Unsichtbare Schatten der Vergangenheit

Noch immer lauert Gefahr in der Sperrzone. Obgleich ein kurzer Besuch angeblich unbedenklich sein soll, werden Besucher von einem offiziellen Führer begleitet und mit einem Geigerzähler ausgestattet. Karten der Umgebung weisen bestimmte Zonen als verboten aus. Wasser und Lebensmittel, die hier konsumiert werden, müssen aus unverstrahlten Gebieten herantransportiert werden.

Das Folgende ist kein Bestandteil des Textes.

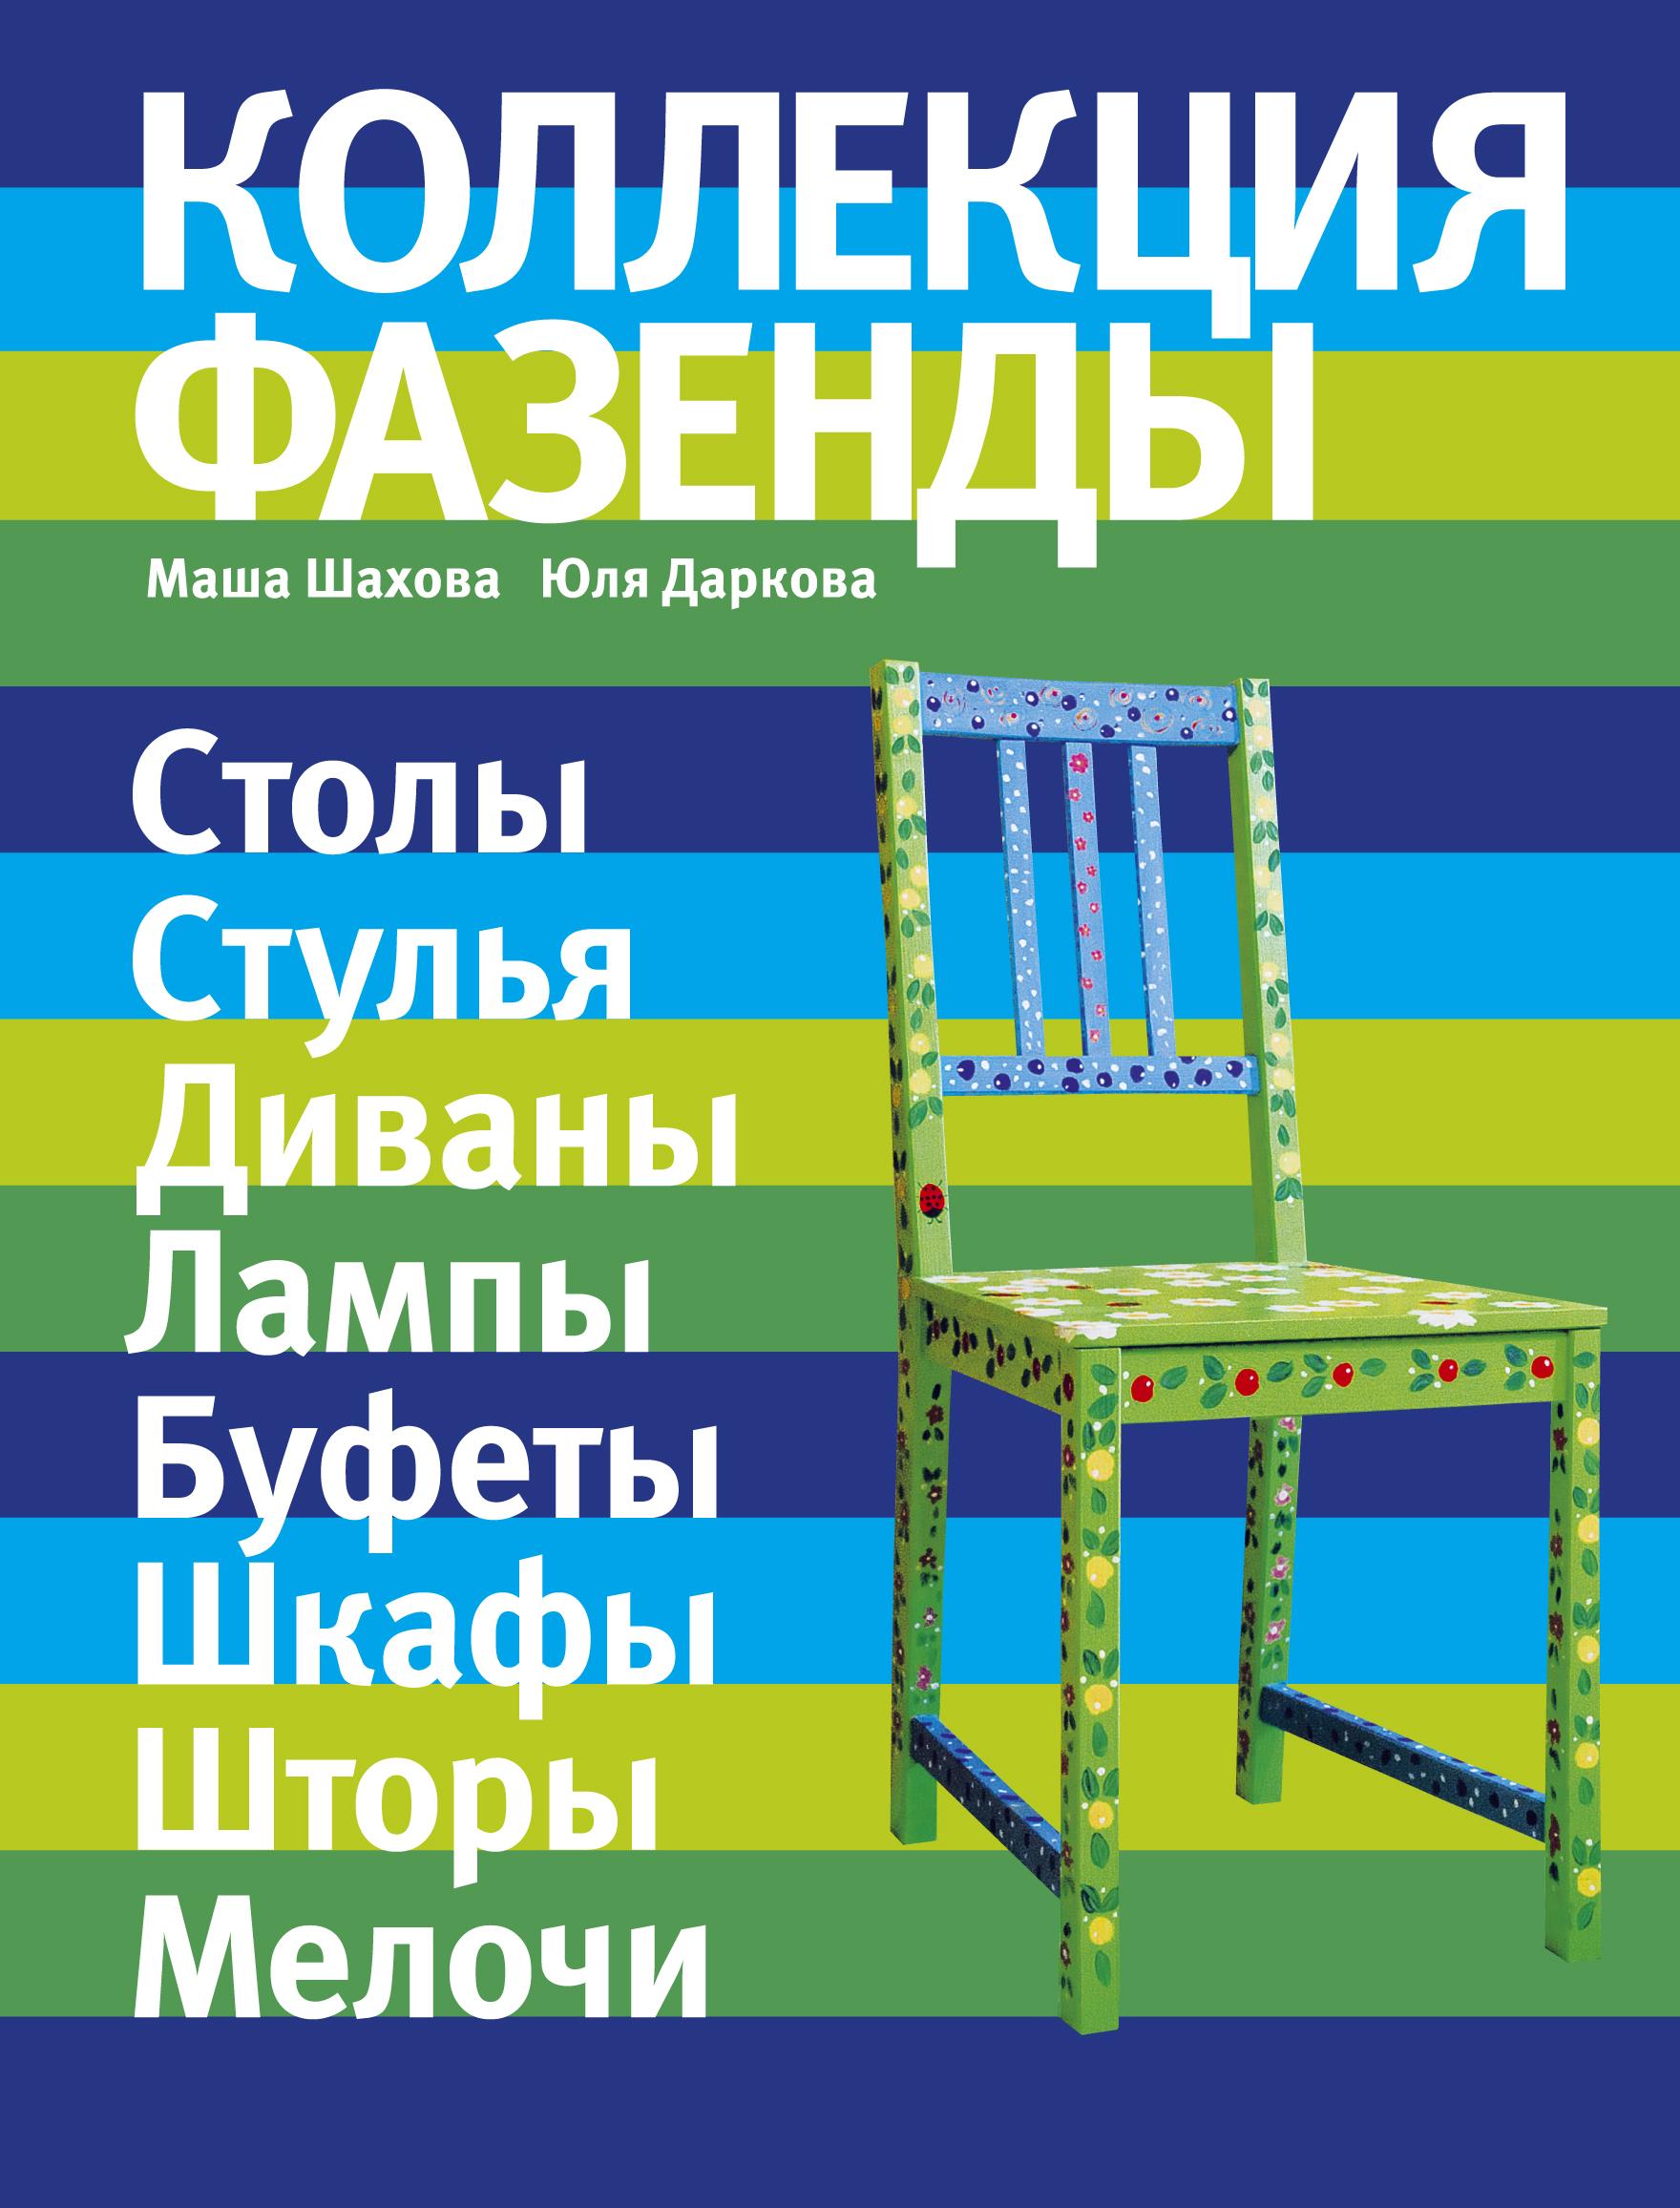 Шахова М., Даркова Ю. Коллекция Фазенды
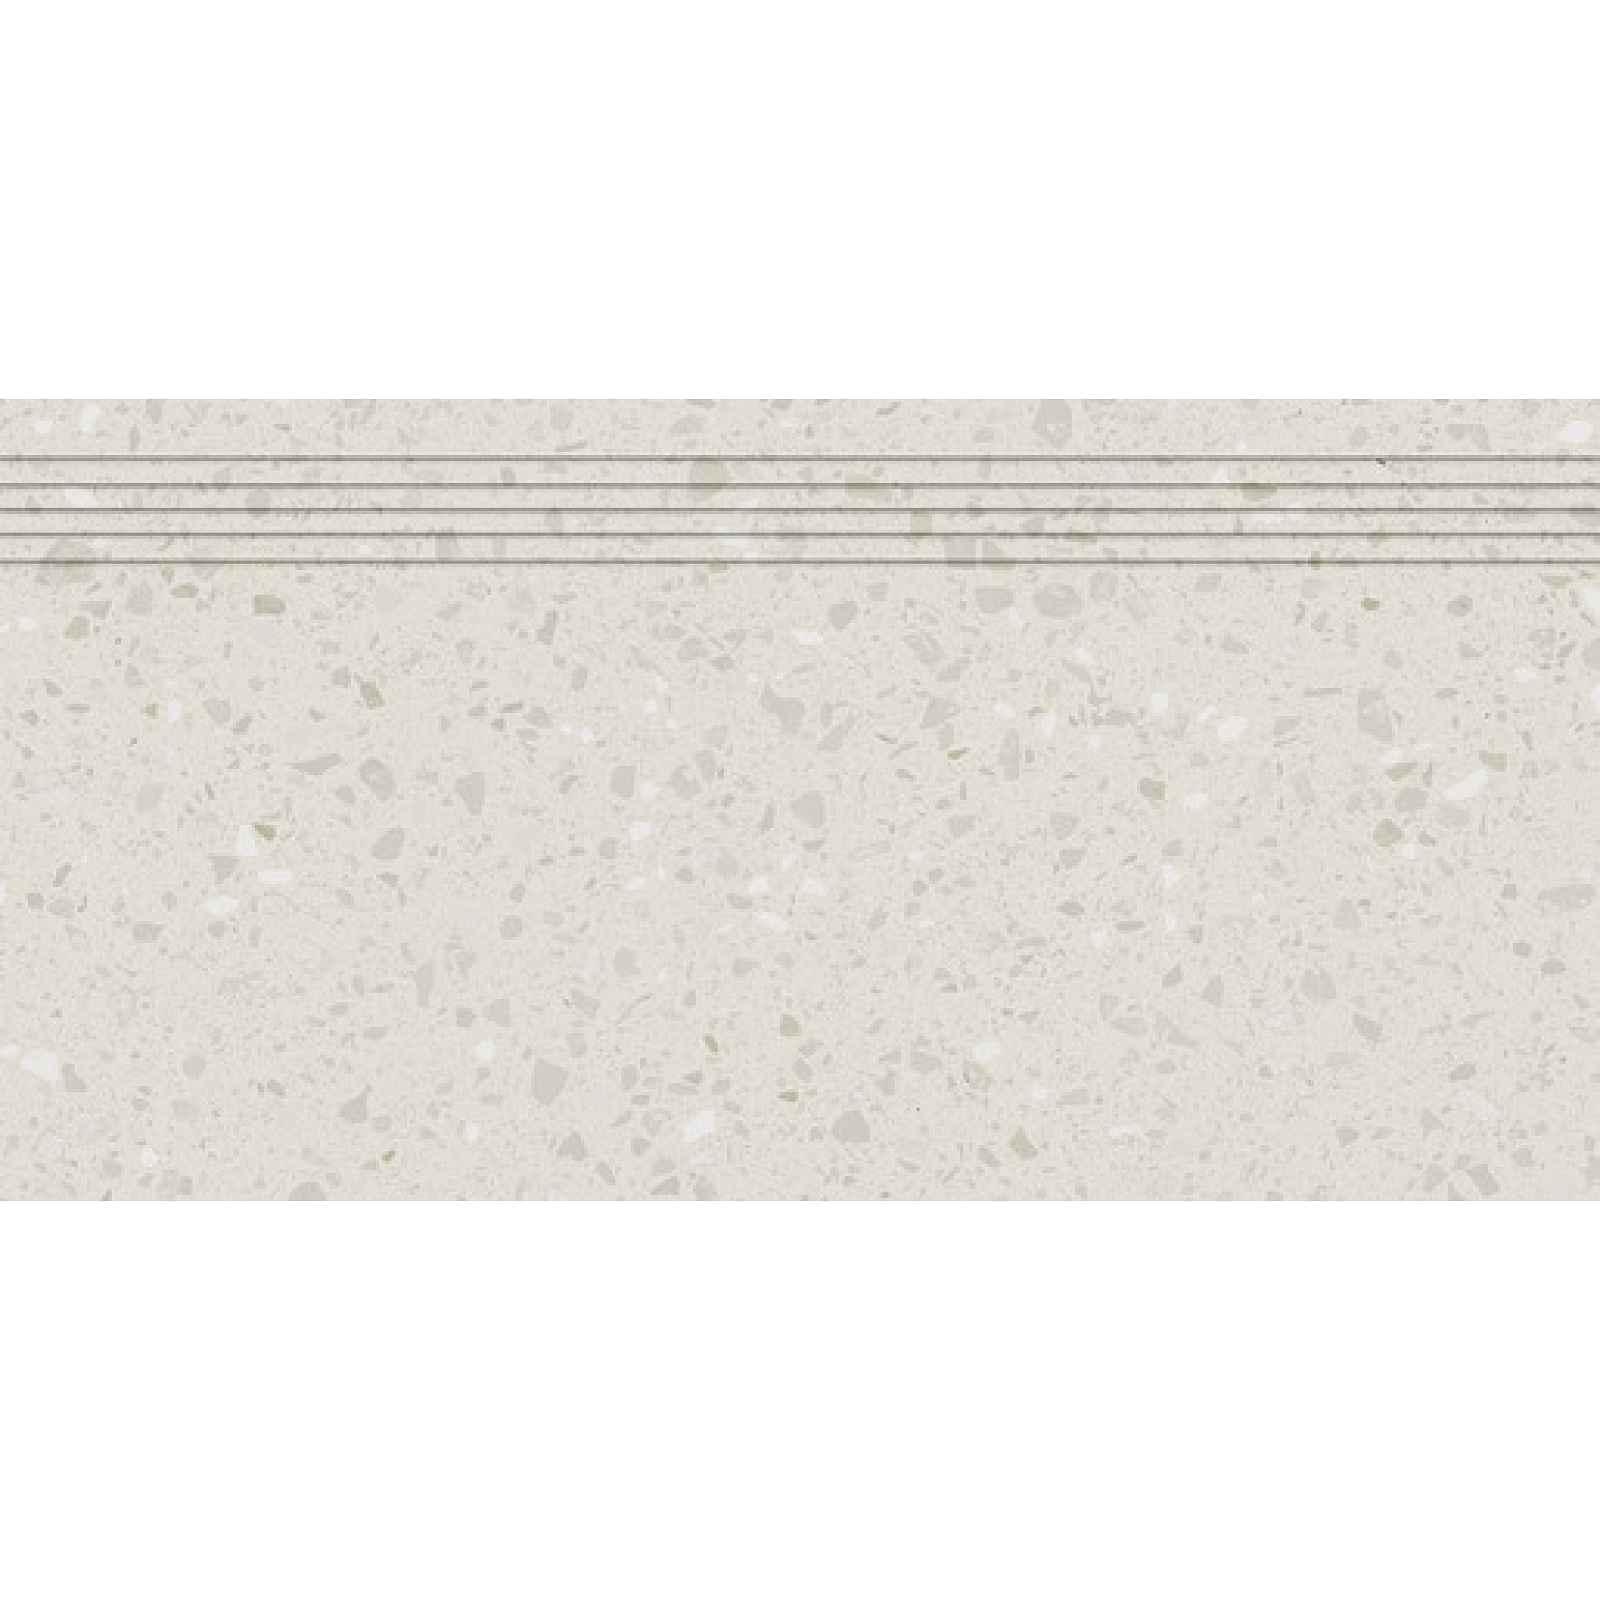 Schodovka RAKO Porfido béžová 30x60 cm mat / lesk DCPSE813.1

Trotzdem gibt es Menschen, die in der Zone leben. Einige sind zurückgekehrt, weil sie das Leben als Flüchtlinge in anonymen Wohnsilos fern der Heimat nicht ertragen haben. Sie ernähren sich bestenfalls von importierten Nahrungsmitteln und werden regelmäßig ärztlich untersucht. In Tschernobyl selbst wohnen derzeit etwa 4000 Menschen, viele von ihnen Wissenschaftler und Geologen, die sich um den zusehends brüchigen Sarkophag über der hoch radioaktiven Reaktorruine kümmern. In der Mehrzahl sind es jedoch Waldarbeiter, die vorübergehend hier stationiert werden und verhindern sollen, dass im Wald ein Feuer ausbricht, weil dies eine neue radioaktive Wolke freisetzen würde.

Gottes Gesandter als letzte Bastion

Einen ständigen Bewohner gibt es in Tschernobyl: Ein orthodoxer Priester hat sich der verwaisten Kirche im Ort angenommen, um den wenigen verbliebenen Seelen geistigen Beistand zu gewähren. In leuchtendem Blau strahlt das Gotteshaus, neu installierte Heizgeräte sollen auch im Winter für heimelige Atmosphäre sorgen. Es sei leicht, zu vergessen, wie riskant die Situation in Wahrheit ist, erklärt der Geistliche. "Man kann die Gefahr, die überall lauert, nicht sehen."

Der Weg aus der Zone führt über dieselben verlassenen Straßen, vorbei an dem menschenleeren Dorf im Schnee, zu den Wachen am Tor. Dieses Mal tragen die Männer Strahlendetektoren. Sie kontrollieren das Auto, sie kontrollieren uns. Nachdem uns ein Gesundheitszeugnis ausgestellt wurde, fahren wir weiter, in die Abenddämmerung, Richtung Kiew. Und lassen die Katastrophenzone hinter uns.